If I get time, I'll try to look into it and see if they've been bought out too.

doc


----------



## sjohnson2 (Nov 13, 2008)

There sure have been alot of different opinions about the wolf on this thread. It seems with any product you really get to know it when using it like *deltadoc* & *ED BUCHANAN* pretty much said.
And if consumer reports gives it a thumbs down .... that is enough to steer me away into checking out other products.
Sam........._just an amatuer in the kitchen_


----------



## mfc55 (Aug 26, 2010)

We are having a 48" wolf range with a french top (residential version) installed in our reno. The ventilation reccomendations require a make up air system that puts the cost of netlilation through the roof. It seems like over kill. What are the dangers of just putting a 300cfm inlinie fan and opening windows when needed?


----------



## urbangourmet (May 2, 2011)

hi-- i just came across your post, so i hope it's not too late to answer.

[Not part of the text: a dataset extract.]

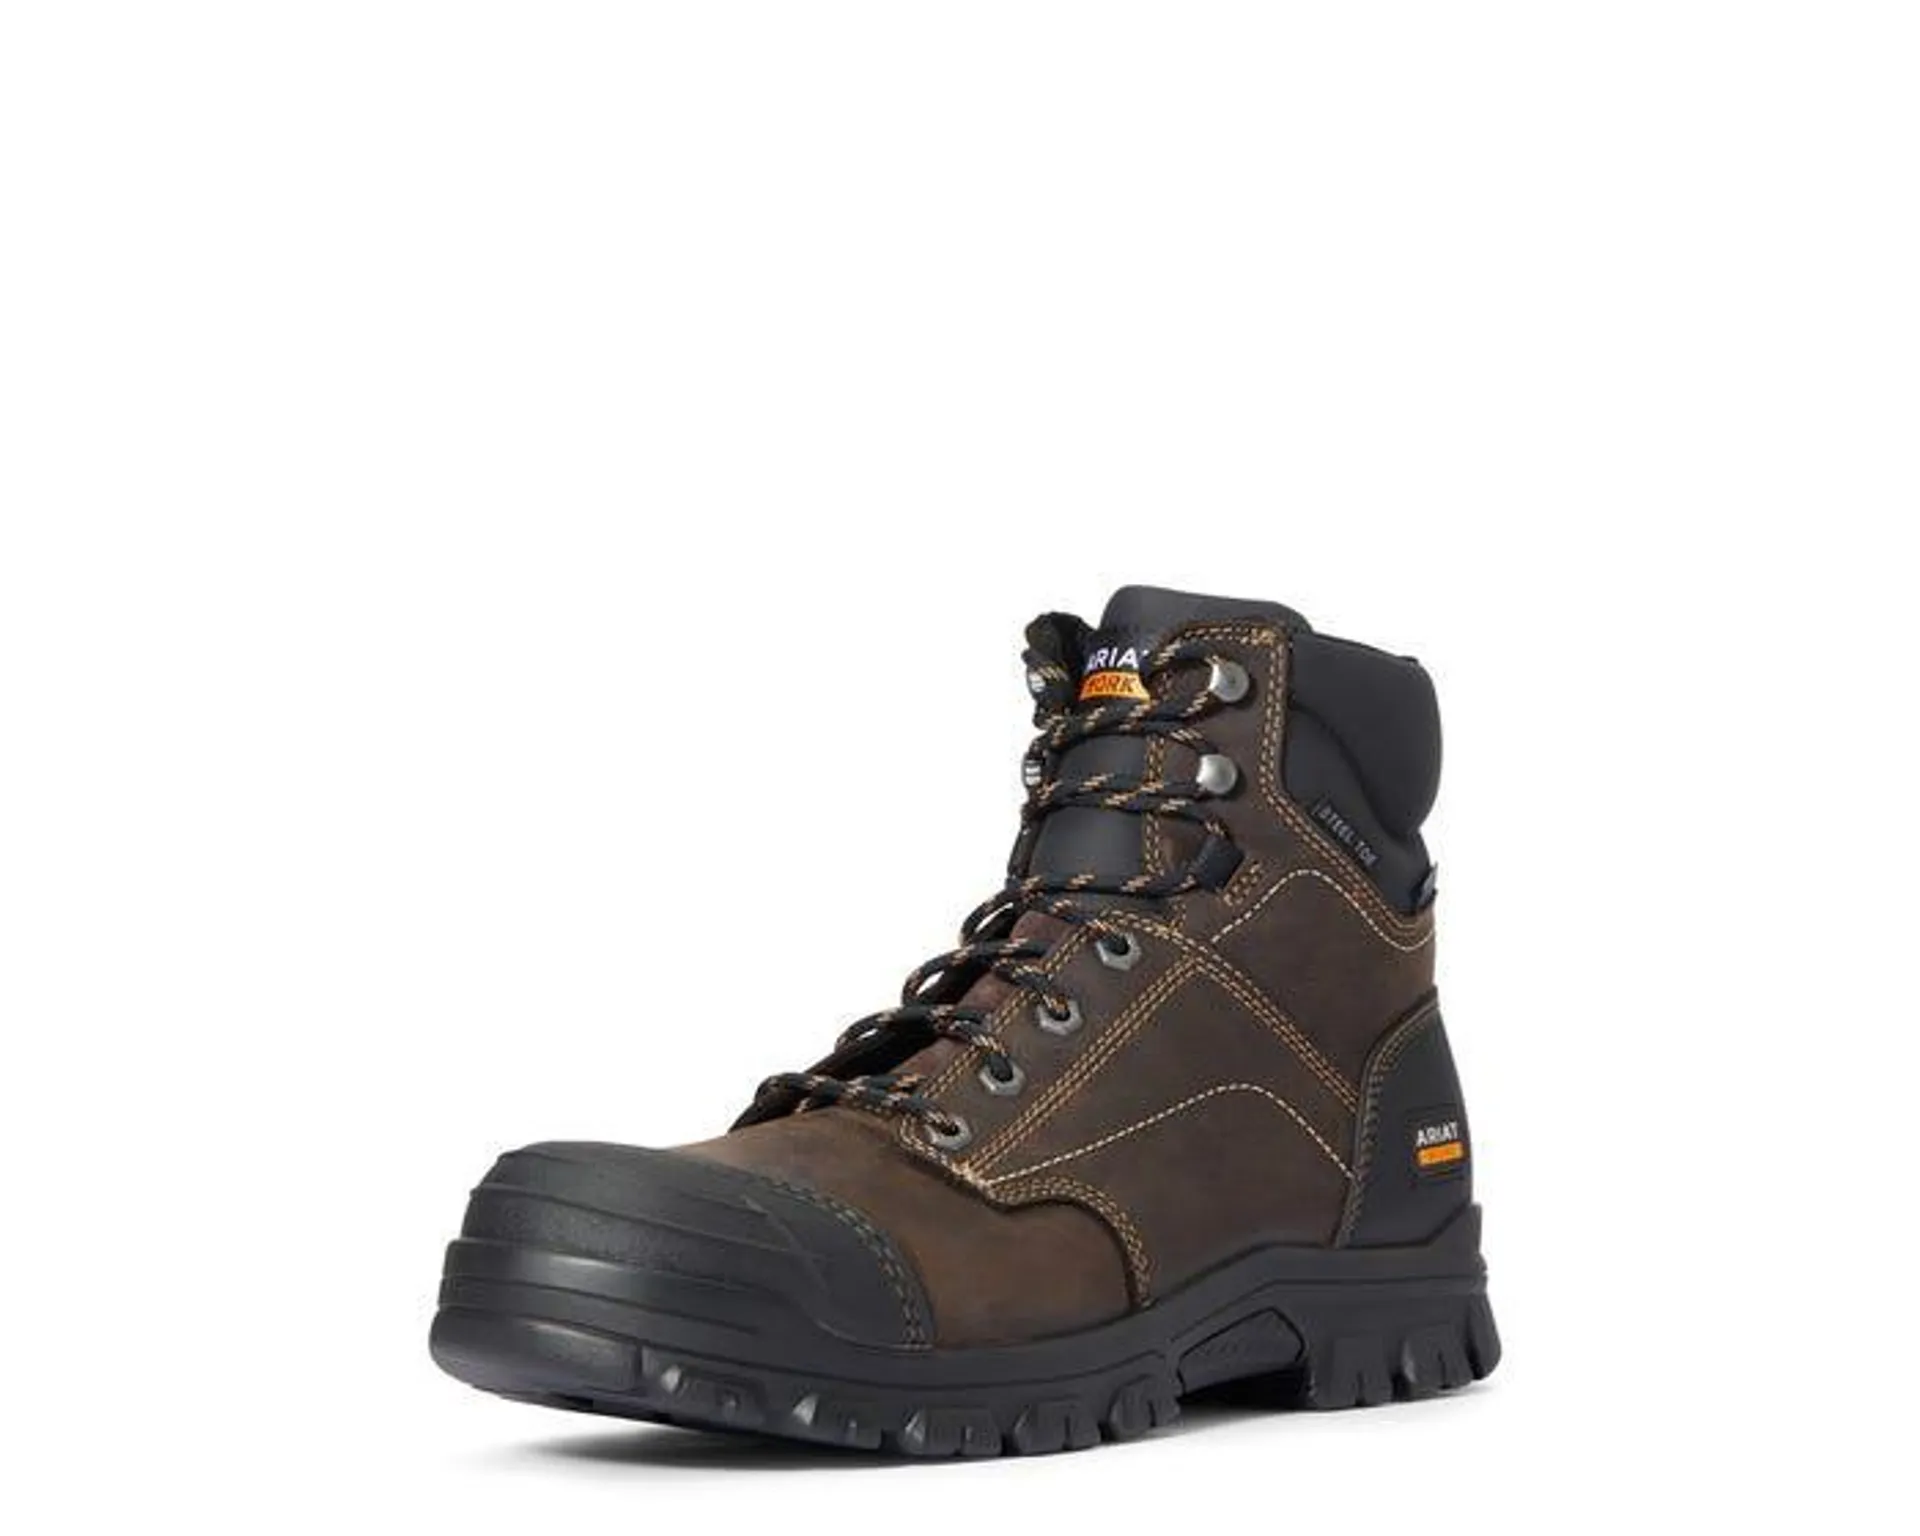 Ariat Men's Treadfast 6" Waterproof Steel Toe Work Boot Dark Brown - 10034673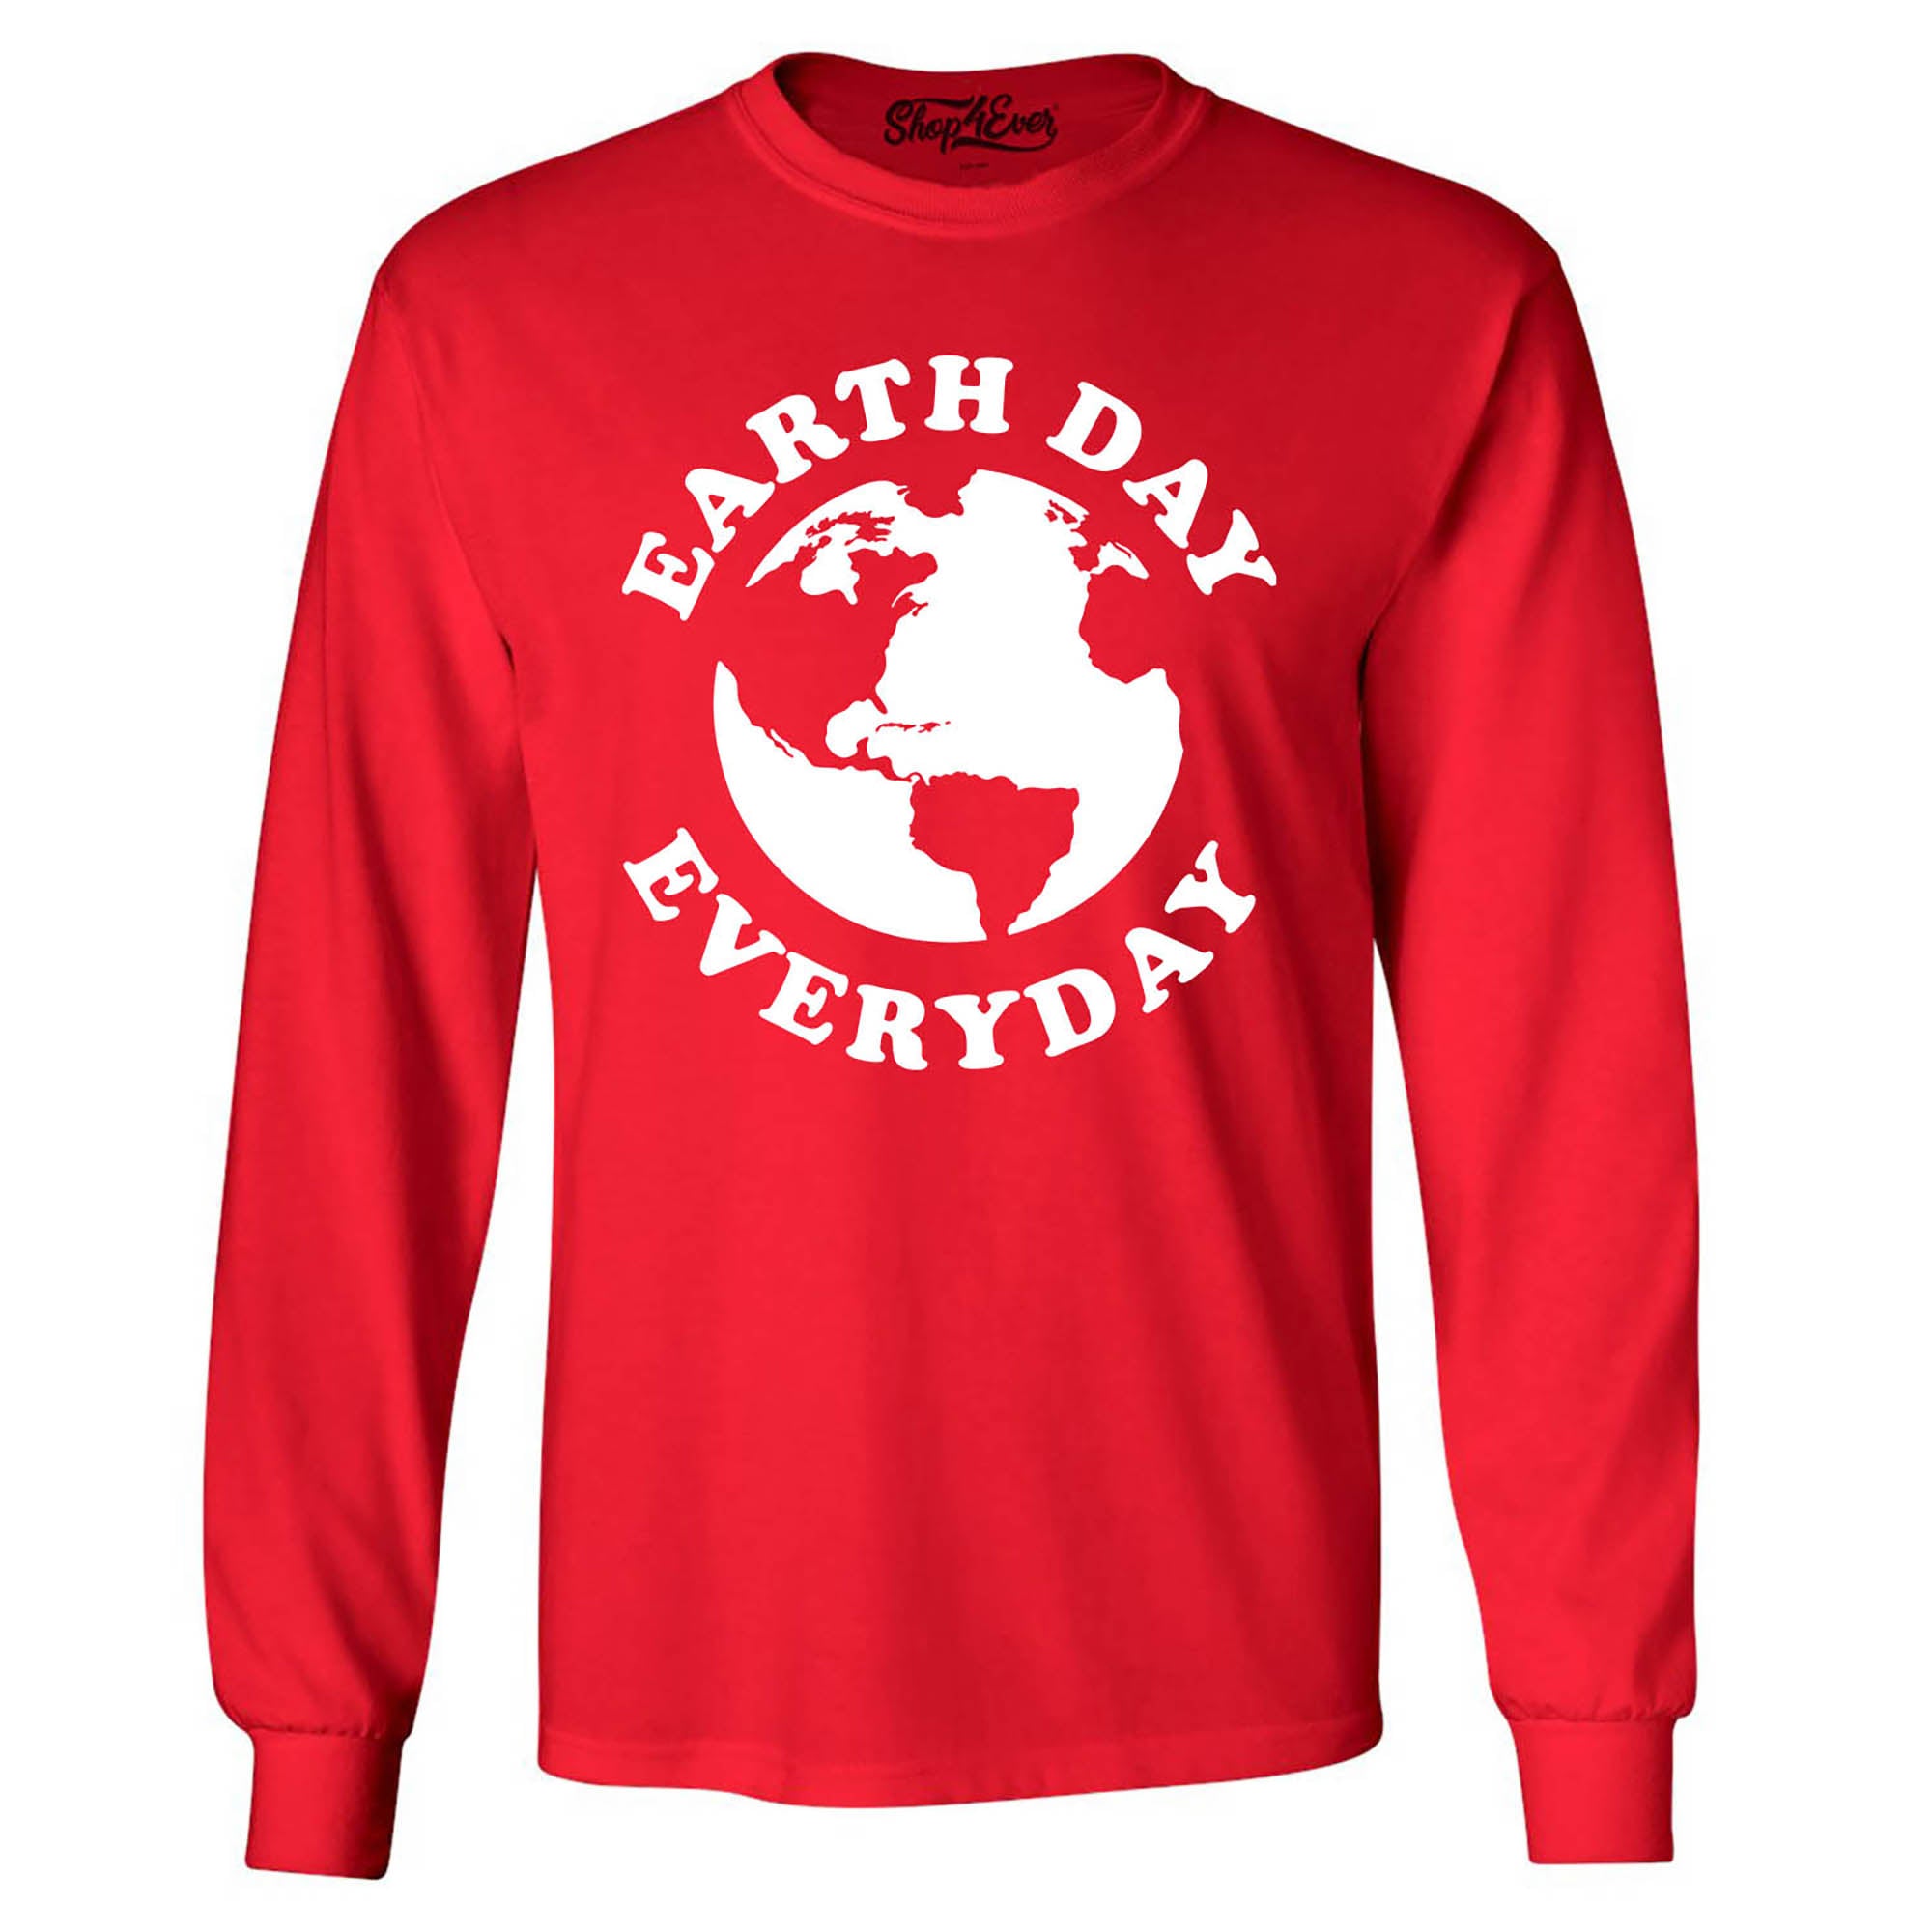 Earth Day Everyday Long Sleeve Shirt

i have remodeled 8 kitchens so far (and counting) and i have used the wolf commercial range in two of my home kitchens.

they are fine. better than fine. heavier than the consumer versions, but still moveable if you have to relocate and don't want to leave it behind.

the only thing you need to do is have your handyman install GI flashing on the walls surrounding the wolf. it is a thin sheet of metal that prevents 

the wall from taking the heat from the oven. works great. i never had a problem and i loved both my wolfs.

by the way, they were both all gas, i baked a lot in those days, and i never had a problem with the temp or the quality of the heat.

good luck!


----------